Day-to-Day Drinking: Detecting Drunk Face Using Real Image Datasets
Day-to-Day Drinking: Detecting Drunk Face Using Real Image Datasets
Explored the potential for real-world application and research based on real-life data.
Grew as a project advisor through hands-on experience.
Alcohol-related Accident Issues
Alcohol-related accidents such as drunk driving, violence, and industrial accidents are significant societal problems, and regulations are needed to prevent them.
Traditional methods of alcohol detection, like breath alcohol testers (BrAC), are unhygienic, time-inefficient, and prone to false positives in non-drinkers.
Limitations of Existing Studies
Previous alcohol detection studies have primarily used infrared images or audio-visual datasets.
These studies often rely on images taken in controlled environments, limiting their applicability in real-world scenarios.
Develop a CNN-based classification model capable of detecting alcohol consumption using facial images captured from various angles in everyday life.
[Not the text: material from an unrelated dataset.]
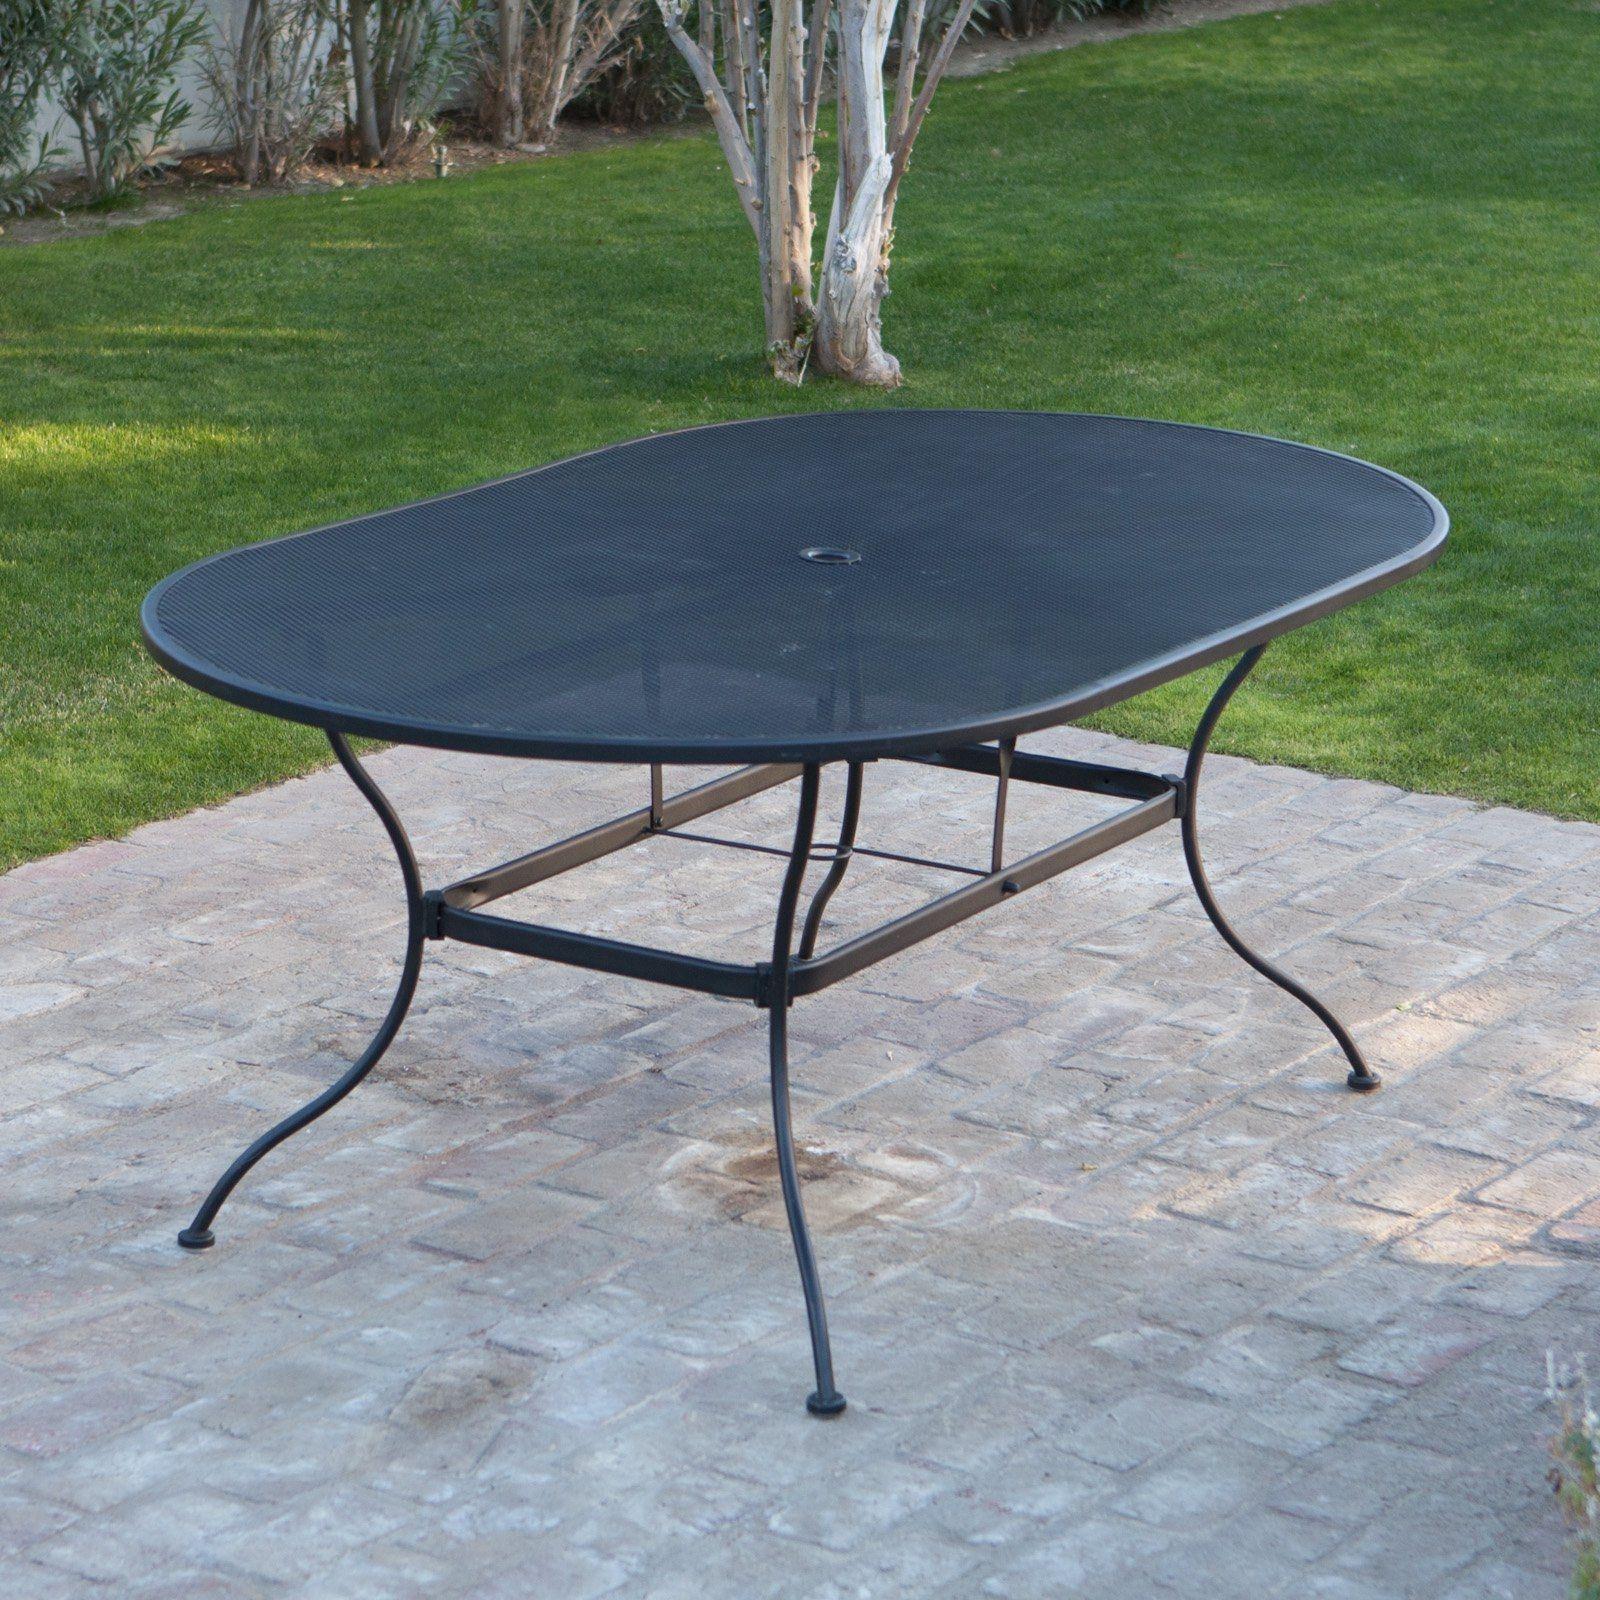 Woodard Wrought Iron Patio Coffee Table

Build a dataset to distinguish between intoxicated and non-intoxicated states and classify images from multiple angles to compare and analyze the performance of each model.
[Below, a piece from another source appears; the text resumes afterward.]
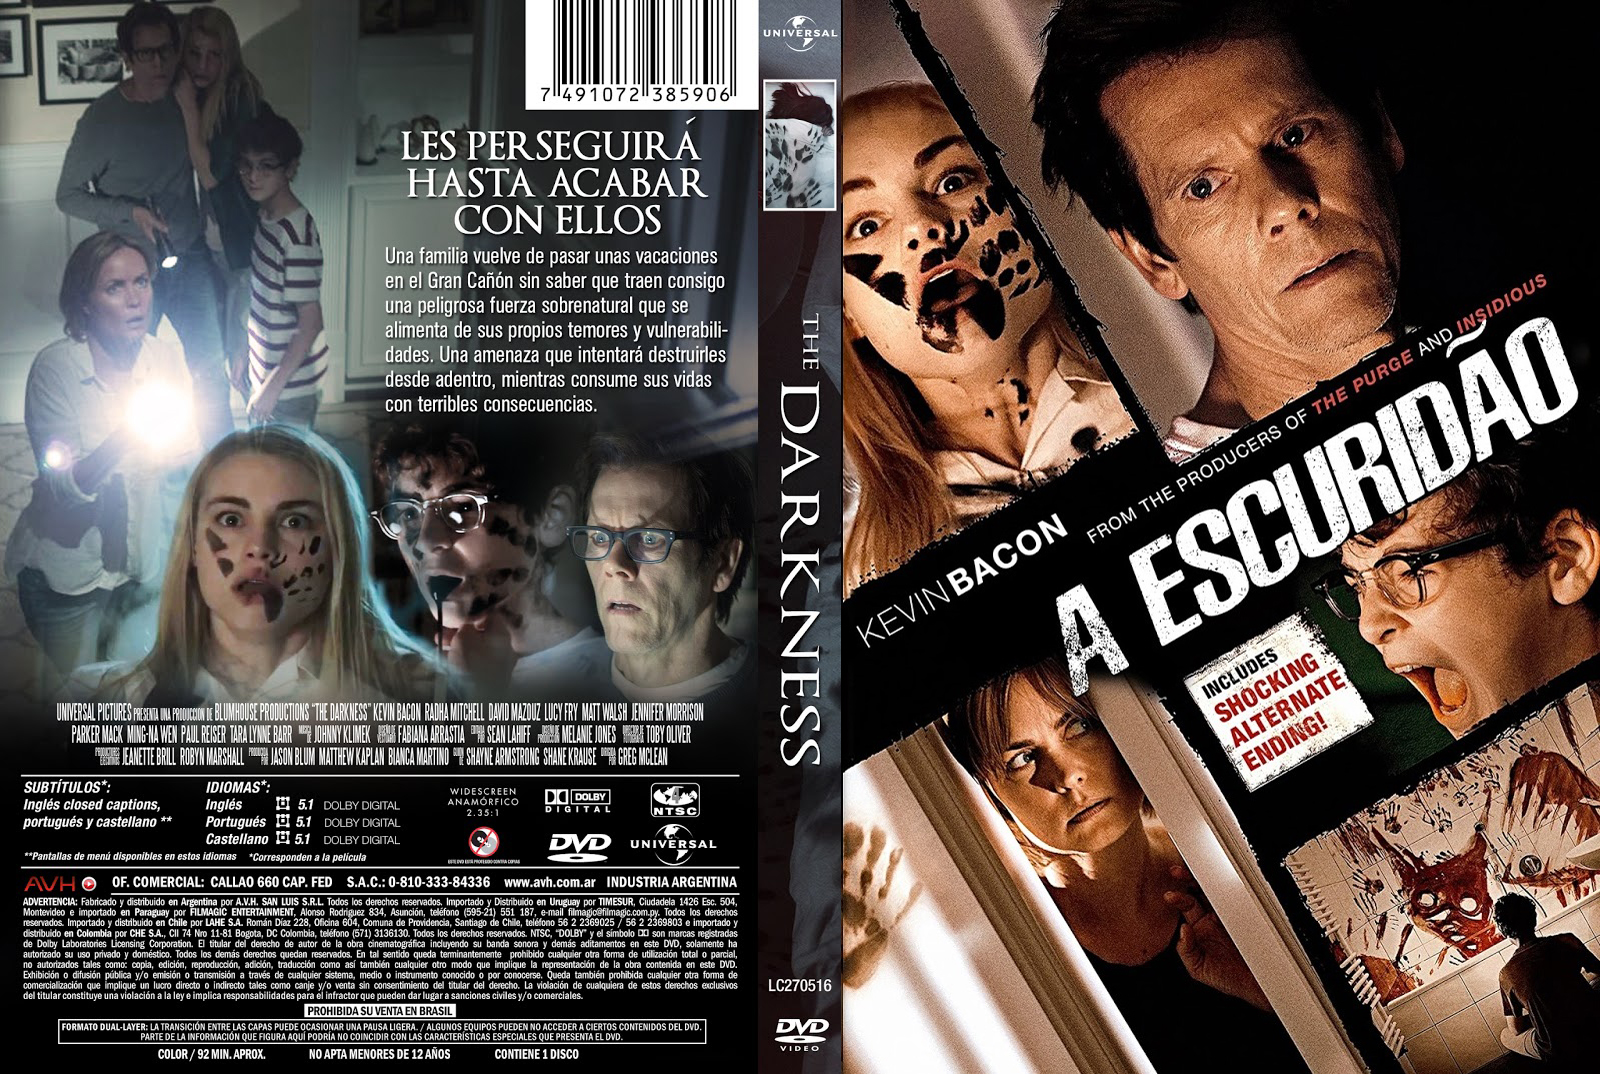 Download A Escuridão BDRip + DVD-R Download A Escuridão BDRip + DVD-R A 2BEscurid 25C3 25A3o 2B  2BXANDAO DOWNLOAD

Collected alcohol-related videos from YouTube using search terms like "drunk" and "drinking alcohol."
Extracted a total of 4,057 facial images from 117 videos to build the dataset.
Labeled images as either "intoxicated" or "non-intoxicated."
Categorized images based on facial angles
Label 1 (front)
Label 2 (slightly tilted front)
Label 3 (side view).
Used OpenCV and dlib libraries for facial recognition and feature point detection.
Calculated the facial angle based on central coordinates of the face, jawline, and eyes, and classified and aligned images accordingly.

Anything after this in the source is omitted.